Qualquer devoção não baseada na sinceridade é pura religiosidade e perda de tempo. Se cremos num Deus pessoal, devemos nos relacionar com ele como tal. Jesus quer ouvir nosso riso e choro, alegria e tristeza, nossos motivos de raiva e de paz, ele nos quer como somos!

3 – Jesus valoriza a nossa sinceridade: vs. 15-17.

Nossa tradução bíblica do grego para o português perde um pouco neste texto. Quando Jesus pergunta pela primeira e pela segunda vez se Pedro o amava, o verbo usado é ágapas, que vem de ágape, significando o maior tipo de amor que se poderia ter por alguém. Em outras palavras, Jesus pergunta se Pedro o ama a ponto de fazer qualquer coisa, inclusive se sacrificar por Ele.

Também nas duas primeiras vezes, Pedro responde com outra palavra: fileo. Este tipo de amor, não menos autêntico que o ágape, equivale ao amor fraternal que temos uns pelos outros, que os pais tem pelos filhos e os irmãos teem entre si. É um sentimento forte e verdadeiro, mas não chega à profundidade do ágape.

Na terceira e última vez que Jesus se dirige a Pedro, ele muda o verbo de ágapas para fileis, como que confirmando que entendera o que Pedro vinha lhe declarando. Pedro, entristecido, confirma outra vez a qualidade de seus sentimentos, reconhecendo sua limitação. A resposta de Jesus é surpreendentemente constante: cuide das minhas ovelhas.

Desde a primeira vez que pergunta, Jesus mantém uma única reação às respostas de Pedro: diante da sinceridade dele, de não assumir algo do qual não se julgava capaz de sentir/fazer, Jesus lhe confia seu mais precioso tesouro: o cuidado das suas ovelhas, da sua igreja.

Não adianta querermos construir uma aparência diante de Jesus. Ele nos conhece por inteiro. E isso não tem valor para ele. A sincera confissão lhe é valiosa. Assim como ele recebeu com graça e compreensão a sinceridade de Pedro, ele espera receber a nossa.

4 – Jesus derruba a barreira da nossa dificuldade ao se deparar com a nossa pureza e sinceridade – vs. 18-19.

Devemos lembrar-nos que este Pedro que conversava com Jesus era o mesmo Pedro que o havia negado 3 vezes. E é também o mesmo Pedro que, em Lucas 5, recebeu a mesma ordem de Jesus de lançar as redes ao mar e o fez, mas com ressalvas.

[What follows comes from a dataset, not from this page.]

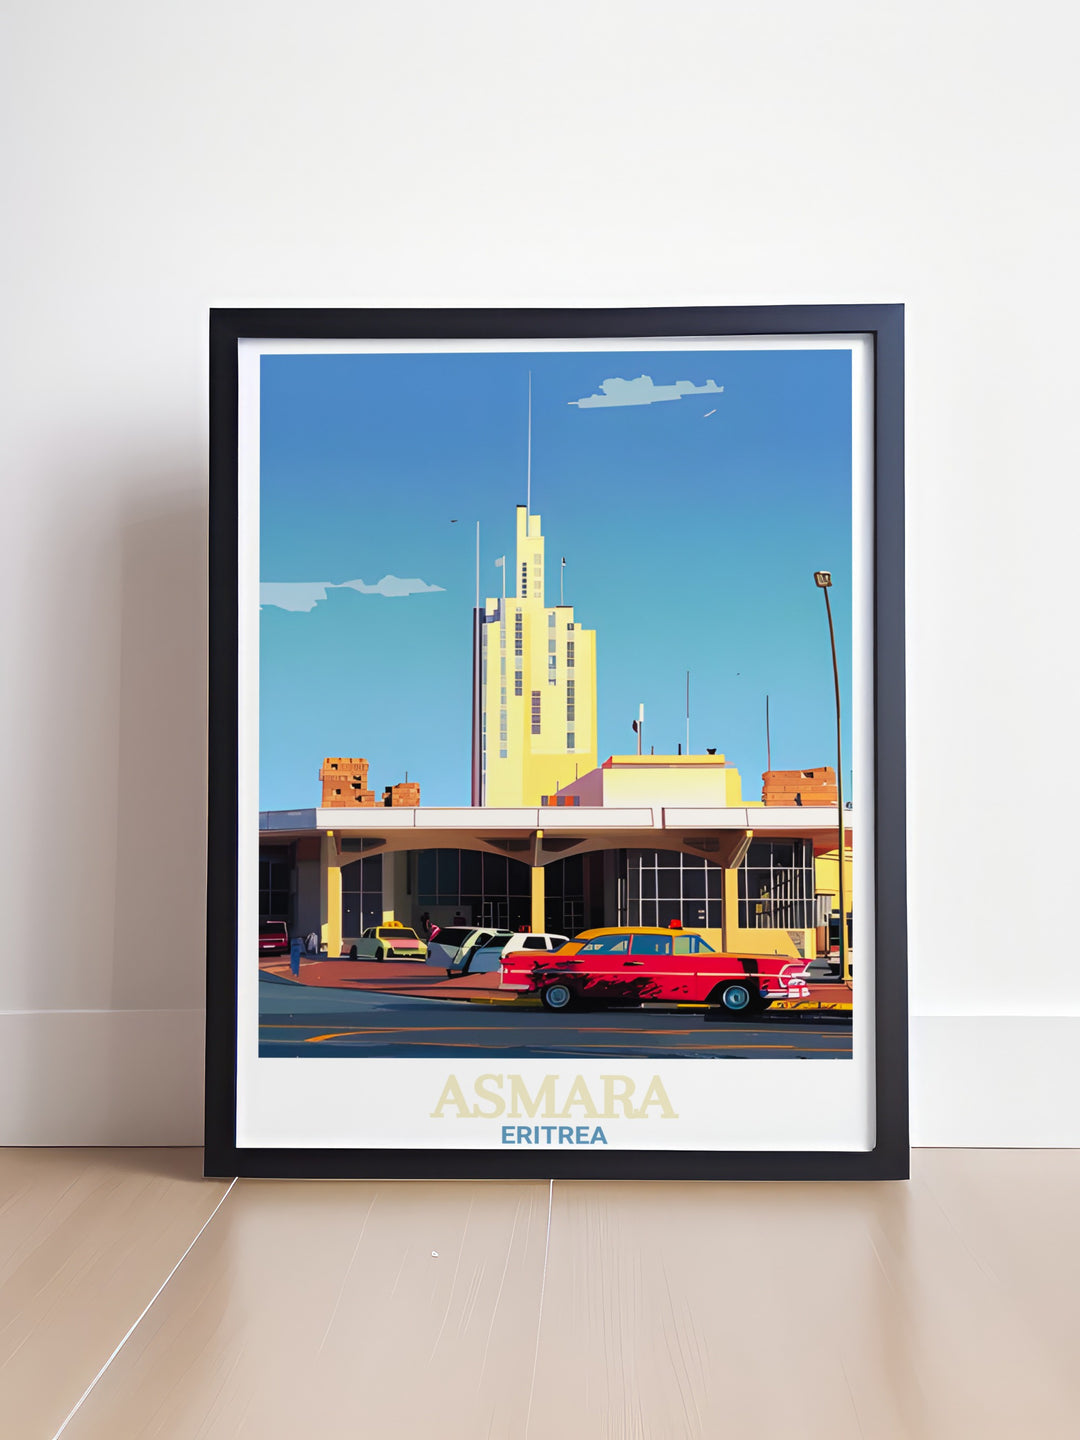 Elegant vintage print of Fiat Tagliero Building set against Asmara cityscape, perfect for adding a touch of history and style to any room.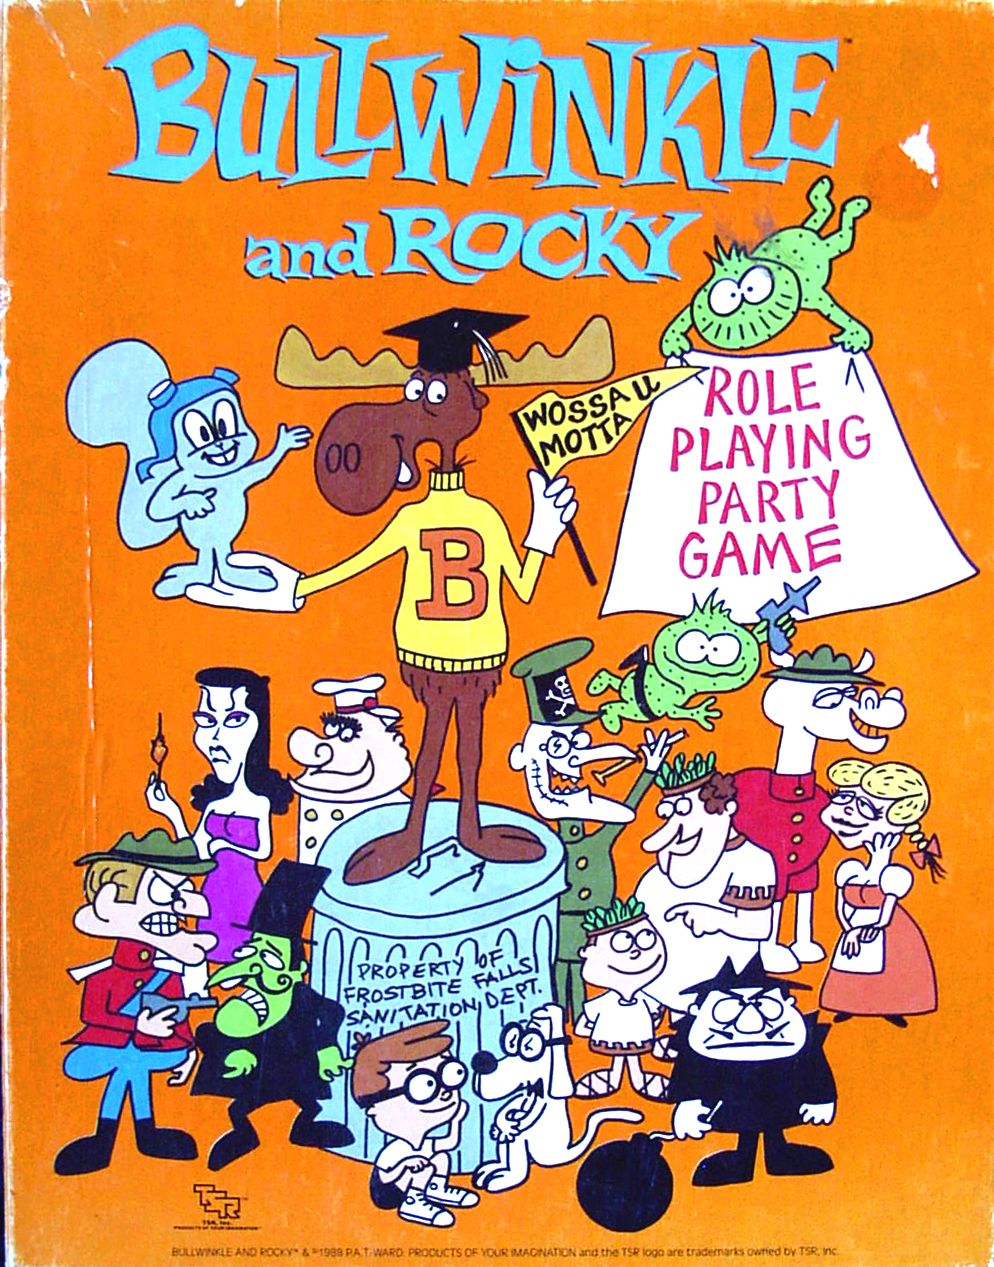 Bullwinkle and Rocky Role Playing Party Game

Jesus sabia o que fazia naquele momento com Pedro. Ele deu a Pedro a oportunidade de obedecer à sua palavra sem pestanejar, e Pedro assim o fez. Aquele que o havia negado três vezes, agora reconhece três vezes que ama ao seu Senhor, e recebe uma incumbência da parte dele.

Finalmente, Jesus joga totalmente por terra o que poderia estar prendendo Pedro na sua vida cristã: o medo de nunca entregar-se totalmente a Cristo, sacrificialmente, como o ágape exigia. Há pouco, precipitadamente Pedro dissera que iria com Jesus até o fim, que qualquer situação seria por ele encarada junto de seu Senhor, e o negou. Questionado sobre a profundidade de sua devoção, agora, ele não ousa arriscar de novo: possivelmente se vira incapaz de entregar-se totalmente. Então, Jesus diz no verso 18:

“Na verdade, na verdade te digo que, quando eras mais moço, te cingias a ti mesmo e andavas por onde querias: mas, quando já fores velho, estenderás as mãos, e outro te cingirá e te levará para onde tu não queiras. (João 21:18, ARC)”

Jesus dizia a Pedro: ainda que você pense que nunca se entregaria totalmente por mim, eu vejo e lhe garanto que sua devoção, sua entrega é verdadeira e total. Não há mais limites nela, Jesus afirma.

Pedro morreu em 67 d.C. Sua pena de morte, por ser cristão, foi a cruz, assim como o seu Senhor. Achando-se indigno de morrer como o seu Mestre, Pedro pediu que sua cruz fosse posta de cabeça para baixo e teve seu pedido atendido.

Conclusão

Deus valoriza muito a nossa sinceridade. E aprendemos com o exemplo de Pedro que ele nos busca para estarmos com ele, se interessa pelas nossas preocupações, limitações e dificuldades, valoriza a nossa sinceridade e nos cura, rompendo os limites das nossas fraquezas.

Essa fraqueza na nossa vida pode ser um pecado persistente. Ou a falta de uma fé prática em Cristo. Pode ser o fato de não confiarmos em Jesus nas situações mais difíceis da nossa vida, buscando sempre outros recursos nos momentos de dificuldade e esperando sempre outro socorro que não o dele.

Abra seu coração a Deus. Confesse a ele suas dificuldades, entregue-lhe o que tem pesado o seu fardo. Ele terá um papo gostoso e revigorante contigo, vocês comerão um bom peixe ele te levará além, para onde ele quer que você o acompanhe.